Hormone receptor status was available for only 50 patients (4%). The reason is that testing is performed at only one private laboratory. Patients are presented with their breast biopsy in a formalin jar and advised to take it to a laboratory in Khartoum for analysis. The laboratory is a 3-hour drive from INMO. The total cost for the bus ride, food and lodging, and laboratory analyses is equivalent to 1 month’s income for one Sudanese family. Very few women can afford this test so they simply take the sample home and bury it. Many of these women have been diagnosed with invasive metastatic cancers, have no money or prospects for treatment, and believe that spending more money on additional tests is a waste and is taking money away from the support of their family. Moreover, ER status means nothing to many of the physicians as these women present with late stage tumors that had metastasized.
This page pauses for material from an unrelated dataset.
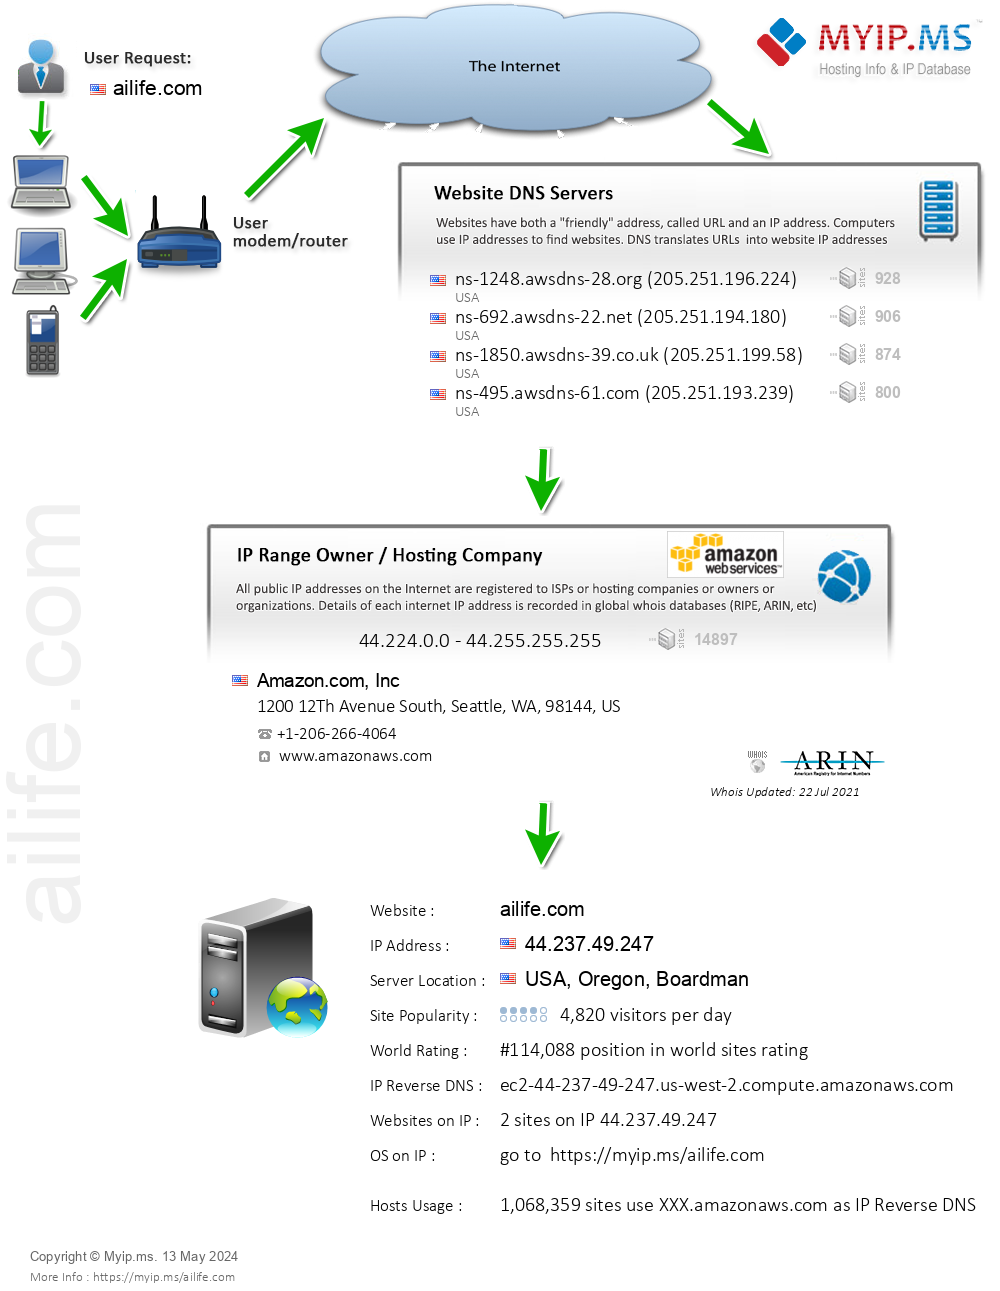 Ailife.com - Website Hosting Visual IP Diagram

For those women who did undergo additional hormonal testing, a high percentage of tumors were found to not express estrogen and progesterone receptors (ER-negative = 68%; PR-negative = 70%). This finding is similar to observations previously made in other African studies. One such study evaluating hormonal receptor status found that ER/PR-negative tumors were more predominant in breast cancer cases from Tanzania.23 Analysis of ER/PR status in Nigeria showed similar results wherein 75% of the cases presented with ER-negative and 72% of cases PR-negative tumors.24 Similar hormonal status expression was observed in African-American women who presented with ER-negative tumors.25
In conclusion, this study suggests that the typical breast cancer patient in central Sudan tends to be a younger, premenopausal woman living in a rural area and presenting with advanced disease likely to be ER/PR negative.
The authors disclose no conflicts of interest.